Pictures aside, every line of the listing should be given again exactly.

= PROVIDED MATERIAL =
=== Section Start ===

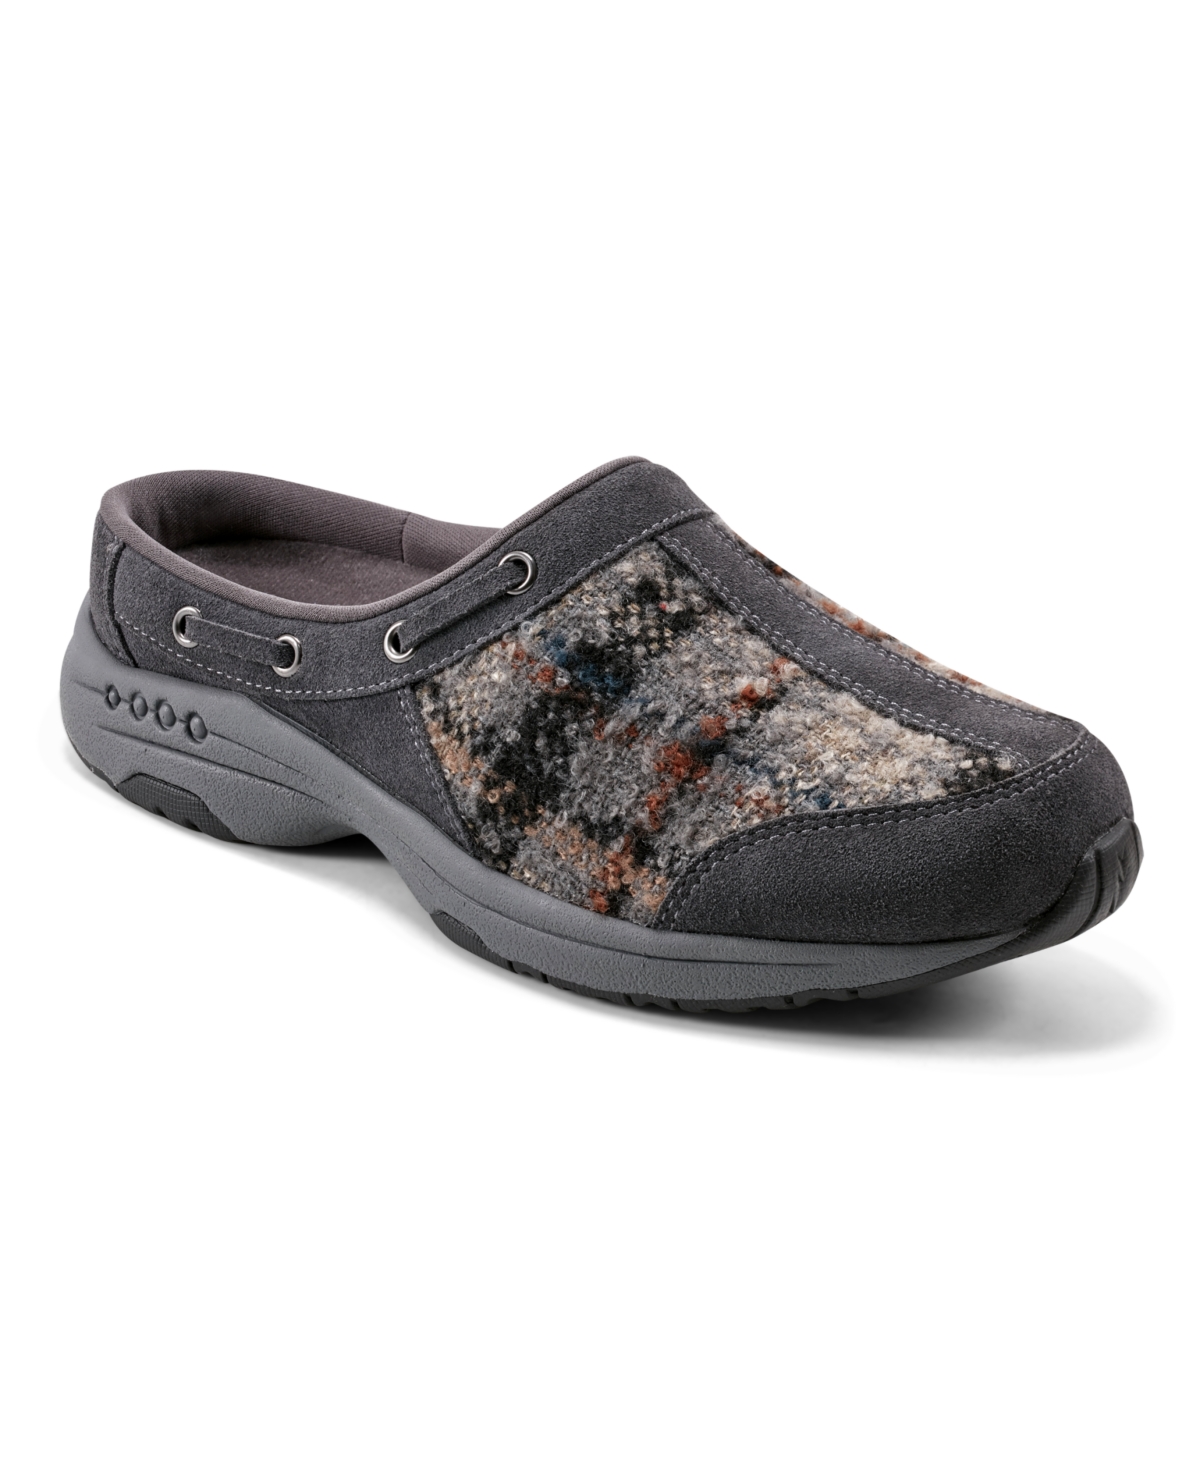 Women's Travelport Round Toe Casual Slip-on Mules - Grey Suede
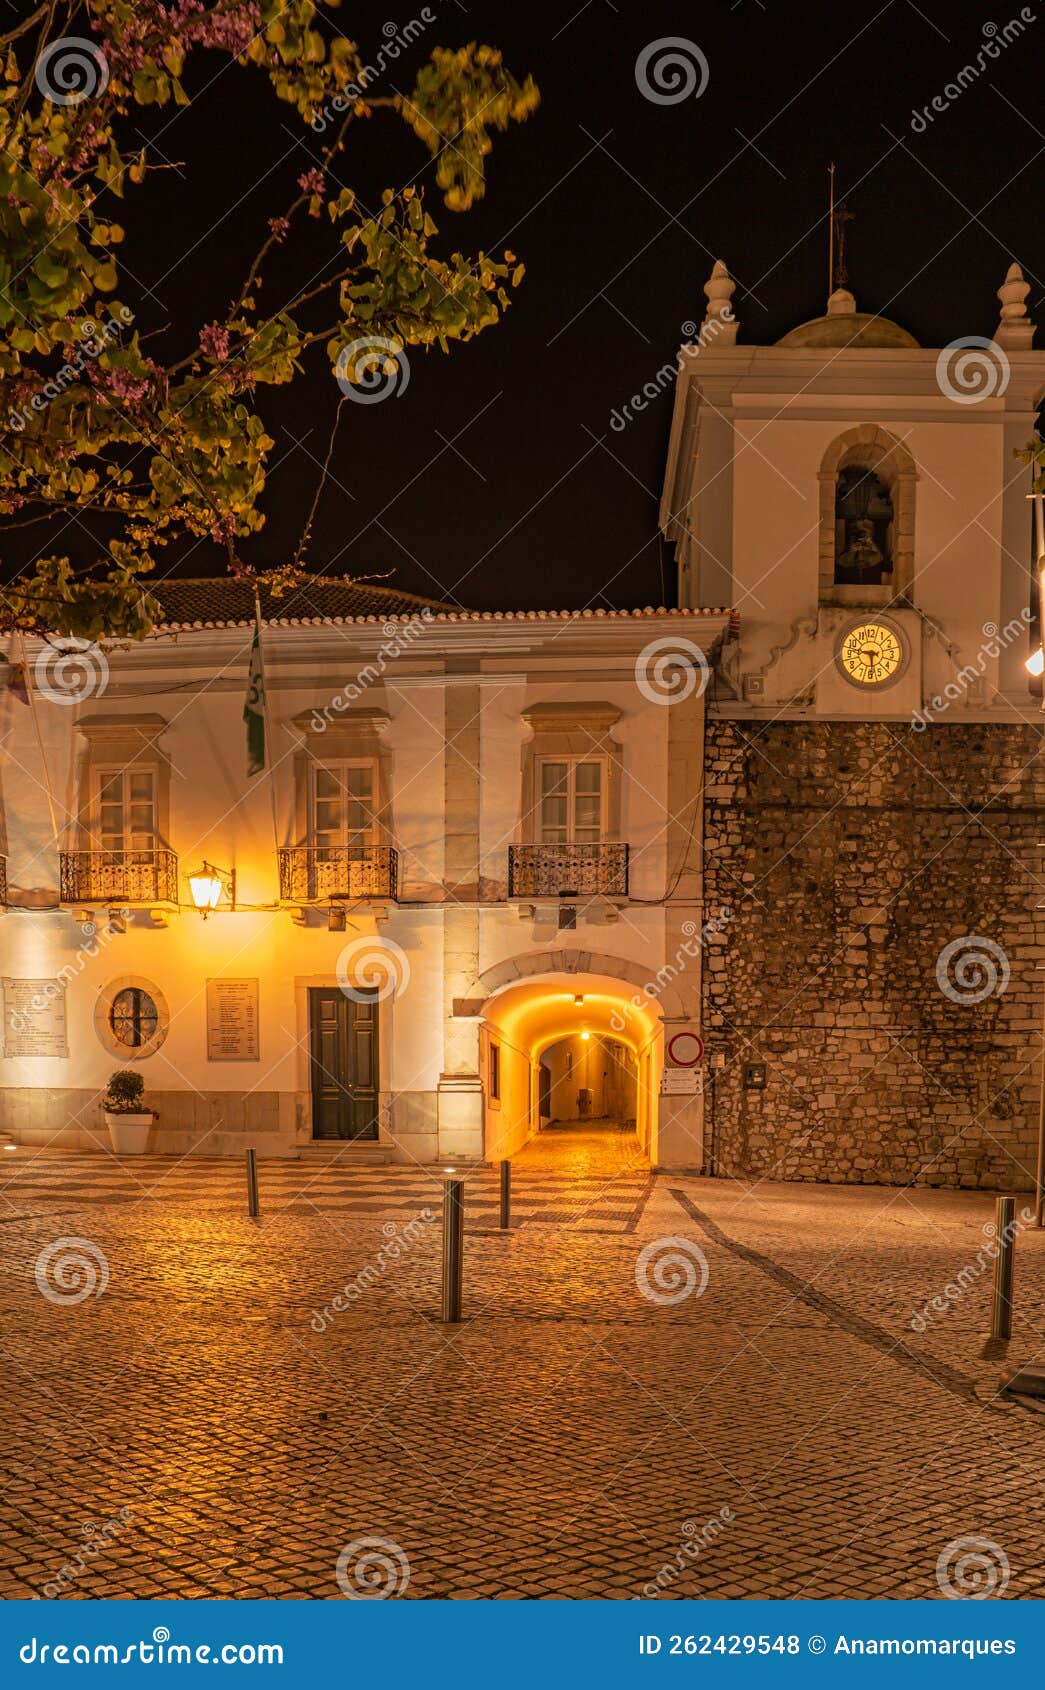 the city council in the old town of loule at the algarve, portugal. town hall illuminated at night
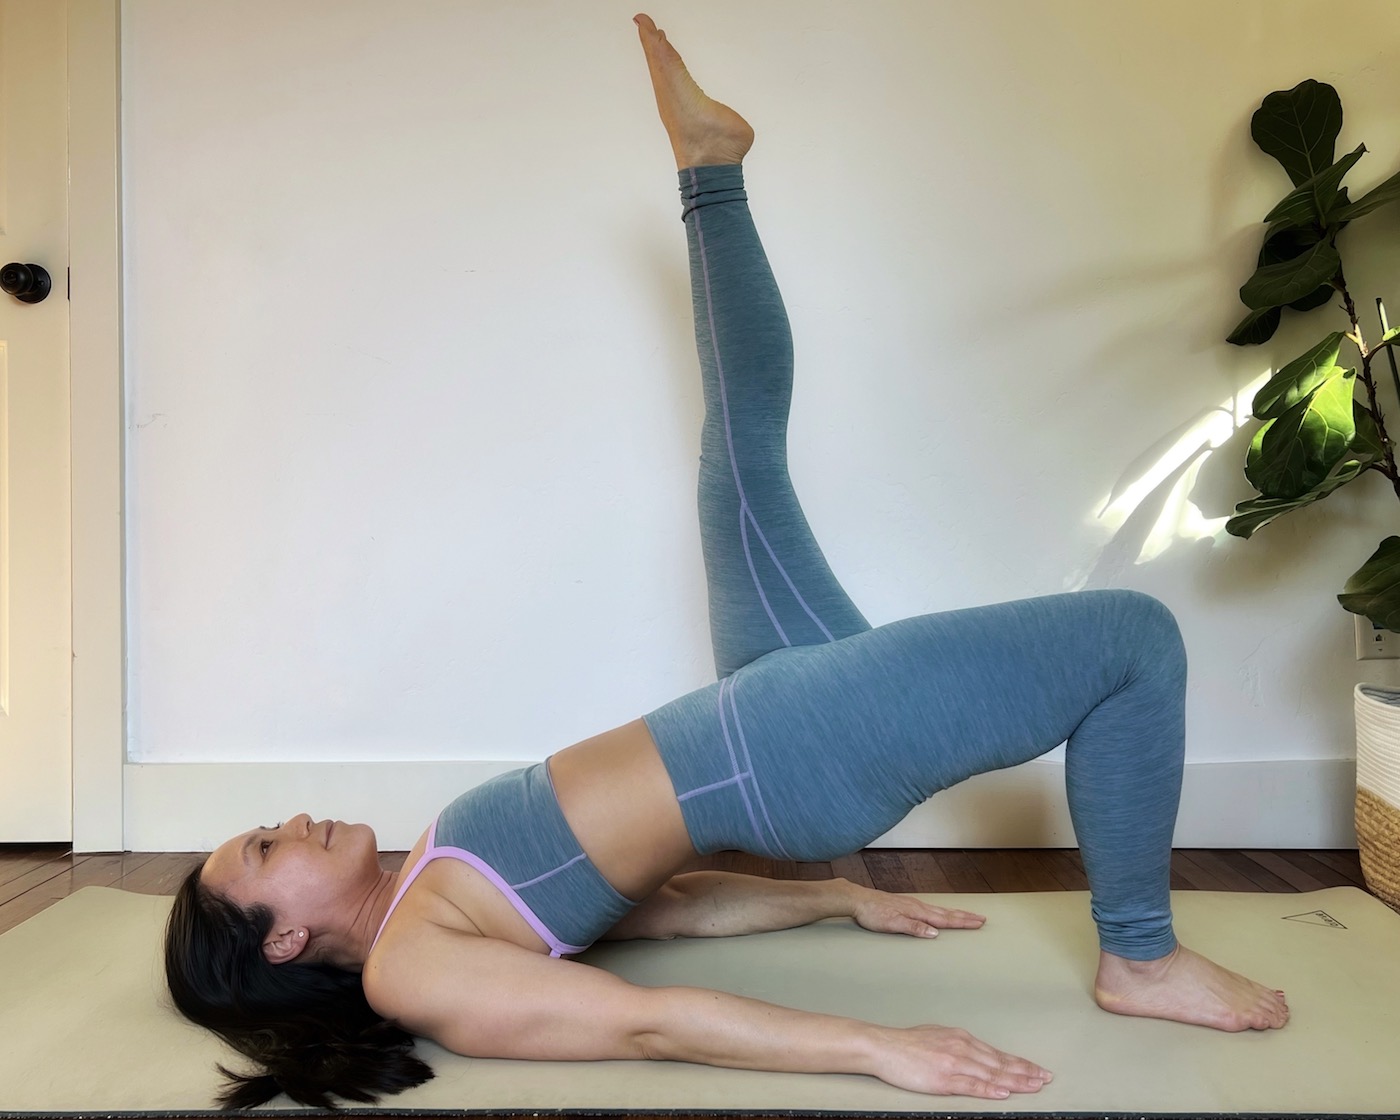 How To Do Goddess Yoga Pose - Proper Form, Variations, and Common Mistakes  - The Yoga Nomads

=== Section End ===

= RESULT OF THIS TASK =
 Women's Travelport Round Toe Casual Slip-on Mules - Grey Suede
 the city council in the old town of loule at the algarve, portugal. town hall illuminated at night
 How To Do Goddess Yoga Pose - Proper Form, Variations, and Common Mistakes  - The Yoga Nomads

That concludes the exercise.